Graft rejection and disease recurrence are well-recognized complications of liver transplantation (LT) for autoimmune hepatitis (AIH) and autoimmune sclerosing cholangitis (AISC). We describe indications and outcome of LT for childhood AIH and AISC.

PATIENTS AND METHODS:

Twenty-year retrospective review of a cohort of children (n = 101) with AIH, AISC, or AIH/sclerosing cholangitis overlap syndrome from a single center.

RESULTS:

AIH type 1 (AIH1, n = 67) was more common than AIH type 2 (AIH2, n = 18), AISC (n = 8), or overlap syndrome (n = 8). Overall, 18 patients (18%) required LT, the indications being failure of medical therapy (n = 16) and fulminant liver failure (n = 2). Patients with AIH who required LT had a more prolonged prothrombin time at presentation compared with those who did not undergo transplantation (P = 0.01). Patients with AIH1 who received LT had a lower aspartate transaminase (P = 0.009) and alanine transaminase (P = 0.02) levels at initial diagnosis compared with those with AIH1 who did not undergo transplantation.
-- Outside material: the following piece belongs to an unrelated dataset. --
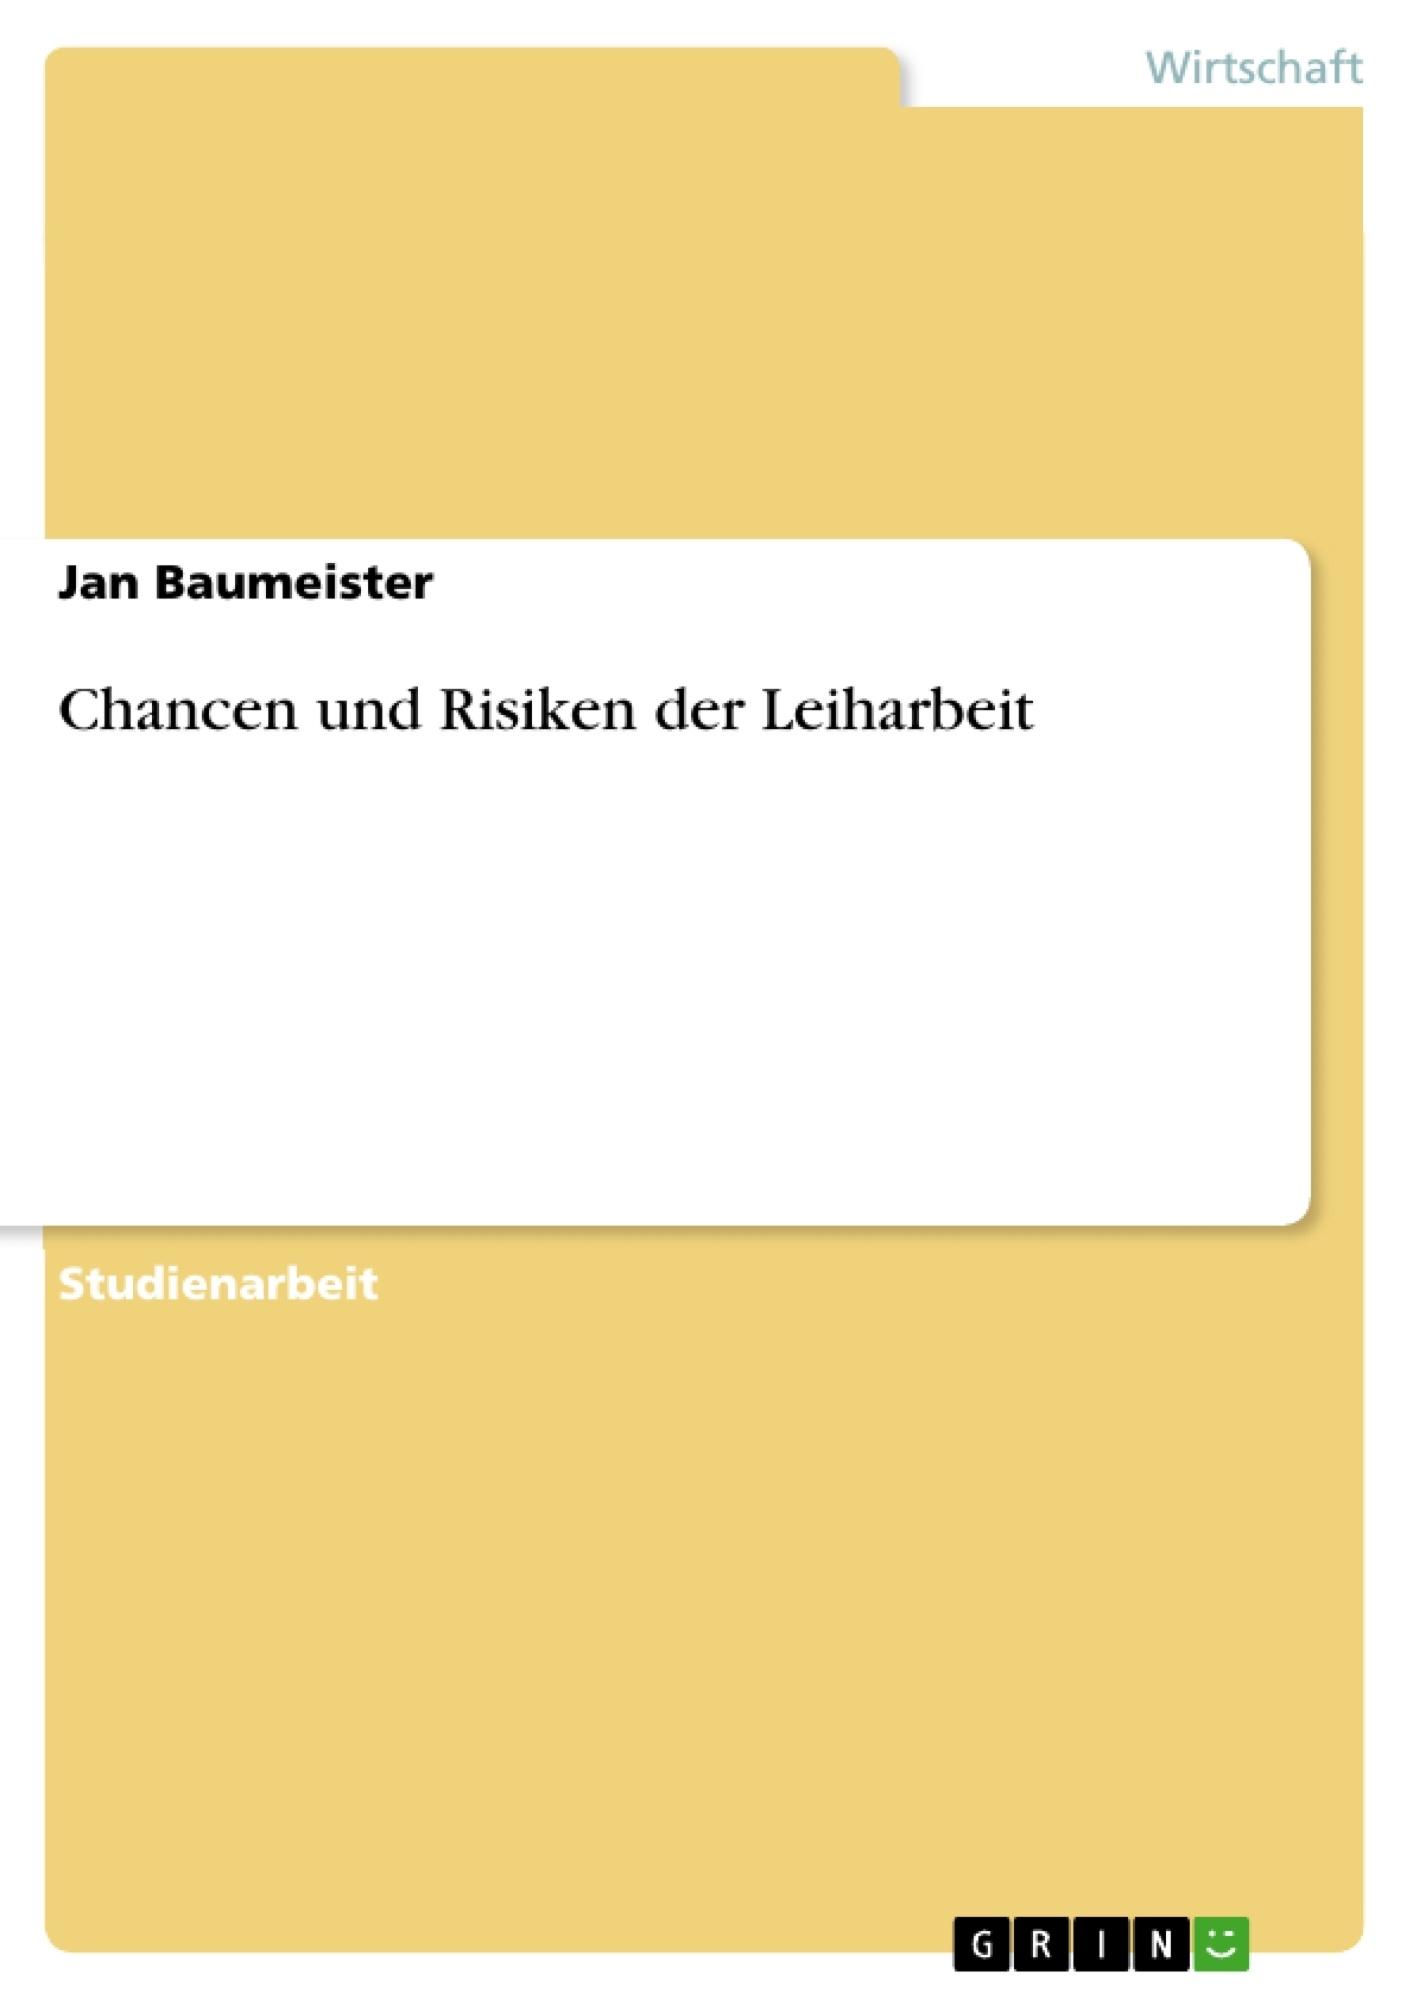 Titel: Chancen und Risiken der Leiharbeit
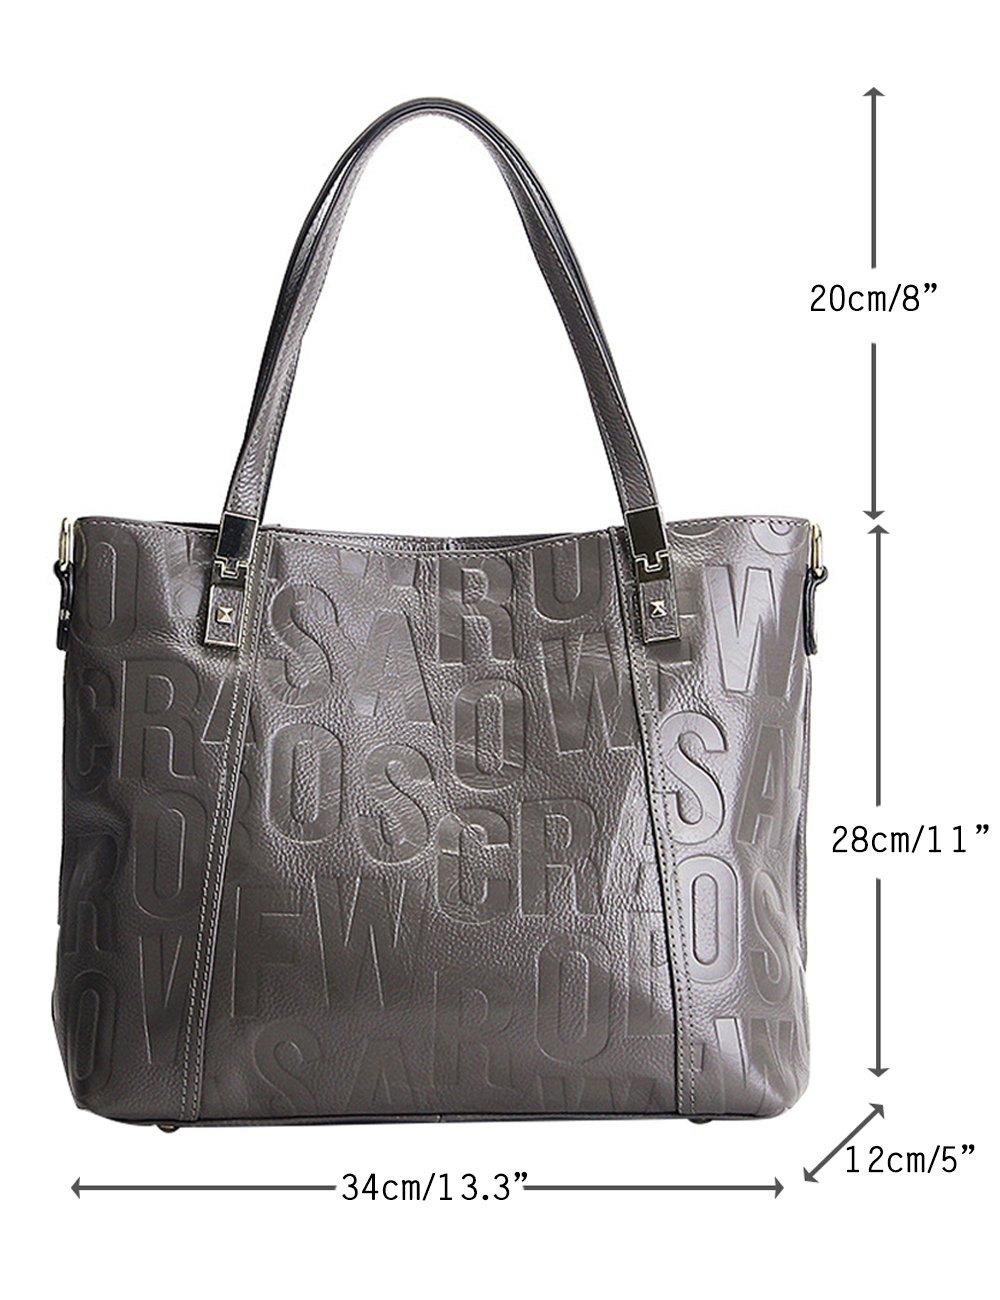 Menschwear Womens Genuine Leather Top Handle Satchel Bag Grey by Menschwear (Image #2)

Post-LT, 11 patients (61%) had 18 episodes of rejection, most were steroid sensitive. Disease recurrence was observed in 7 patients (39%, median duration post-LT 33 months), more common in AIH2 (80% recurrence rate), and those taking cyclosporine (71%, 5/7 patients) compared with those taking tacrolimus (18%, 2/11 patients; P < 0.05) and in 3 of 3 children who did not have maintenance steroids post-LT. The overall 5- and 7-year post-LT survival rate was 94% and 88%, respectively.

CONCLUSIONS:

LT is a good therapeutic option for progressive AIH and AISC, although recurrence of the primary autoimmune process limits the outcome.

PMID:
20118802
[PubMed - indexed for MEDLINE]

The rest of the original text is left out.